Cephede şehit olan binlerce gencin yerine yenilerinin silah altına alınması gerekiyordu. Bütün gayretlere rağmen açık bir türlü kapatılamadı. Geriye tek çare kaldı, daha genç yaştaki Mehmetler de askere alınmalıydı.
Bunun için henüz zamanı gelmemiş tertipler askere çağrıldı. Aralık 1915'te, 1896 (1312) doğumlu gençlerin ilk muayenelerinden sonraki bir yıllık bekleme süreleri kısaltıldı, bununla beraber 1897 (1313) yılı doğumluların ilk muayeneleri 1916'nın Martı olması gerekirken iki ay erkene alındı. Bu tertibin de ikinci muayenesi bir yıl beklenmeyerek 1916 Mayısı'nda yapıldı yeni Mehmetler silah altına alındı.
Yüzyıllara dayanan birikimlerin, bazen saat kadar küçük zaman dilimlerinde kaybedildiği cenk meydanında, cephaneler, ordular, sınırlar, Osmanlı coğrafyasına ait, yüz binlerce insan, köylüler, çalışıp üreten kesim, öğrenciler, öğretmenler, doktorlar, hukukçular, subaylar, erler ve çocuklar yitirildi.

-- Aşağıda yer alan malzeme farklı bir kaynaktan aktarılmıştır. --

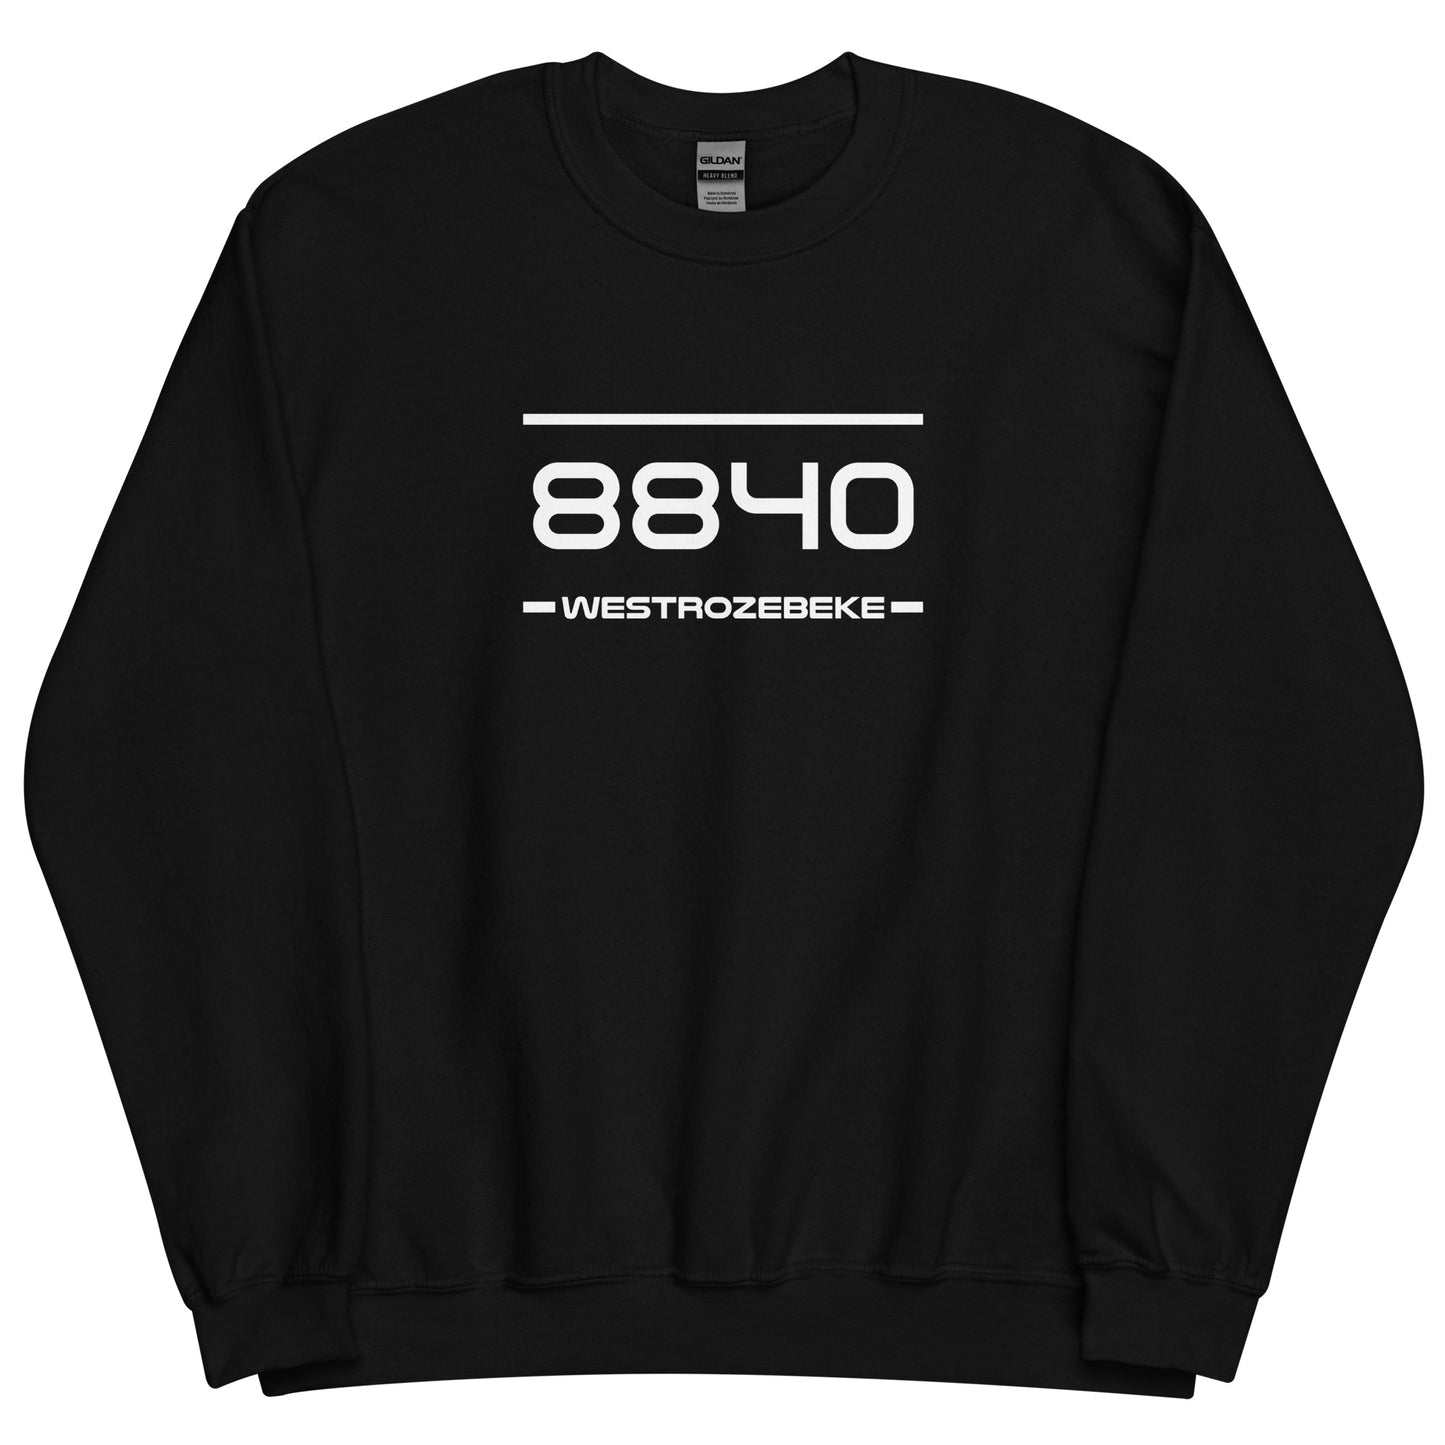 Sweater - 8840 - Westrozebeke (M/V)

Metrekareye 6 bin merminin düştüğü, gerçek bir mahşer yeri olan Çanakkale'de askerler zaman zaman çocuk denecek yaşlara kadar inmiş birliklerden oluştu.
Kimi liselerden, kimi üniversitelerden, kimisi yurt dışındaki kariyerini yarım bırakıp cepheye koşan ülkenin beyin takımı eğitimli gençler, arkalarında büyük bir zafer bıraktı. Maarif olarak ödenen ağır bedel karşısında Türkiye Cumhuriyeti'nin kurucusu Gazi Mustafa Kemal Atatürk, "Biz Çanakkale'ye bir darülfünun (üniversite) gömdük" dedi.
SİVAS MEZUN VERMEDİ
17 yaşındaki öğrencilerini cepheye gönderen Sivas Lisesi'nde öğrenciler okuldan ayırılırken, hocalara hitaben tahtalara; 'Hocam biz Çanakkale'ye gidiyoruz, hakkınızı helal edin...' diye yazdılar. Savaşa giden öğrencilerin hepsinin şehit olması nedeniyle 1915'te Sivas Lisesi'nde hiç mezun verilmedi.
İLK GÖNÜLLÜ MEKTEPLİ
Çanakkale Savaşları'nın ilk dört ayında, yeni birliklere ihtiyaç duyuldu. İstanbul'da gönüllü duyurularıyla ilgili ilanlar duvarlara asıldı, gazetelere ilan verildi. İlanlarda gönüllü kaydı için verilen günün gelmesine bir gün kala, Mekteb-i Sultani öğrencisi 646 Celal de gönüllü yazılmayı aklına koydu ama o, bu işe farklı bir anlam daha katmak istiyordu.
Sıradan bir kayıt yaptırmayacaktı. Herkese bu işe nasıl baş koyduğunu göstermek istiyordu. Belki bu hareketiyle uyuyan bazı ham gönülleri de uyandırabilecekti. O gece geç saatlerde, gönüllü asker kaydının yapılacağı askerlik şubesinin kapısına gitti. Sabaha kadar kapıda bekledi. Onun çok anlamlı bir amacı vardı. Günün ağarmasından bir süre sonra önce görevliler, ardından da gönüllü yazılmayı düşünenler gelmeye başladı.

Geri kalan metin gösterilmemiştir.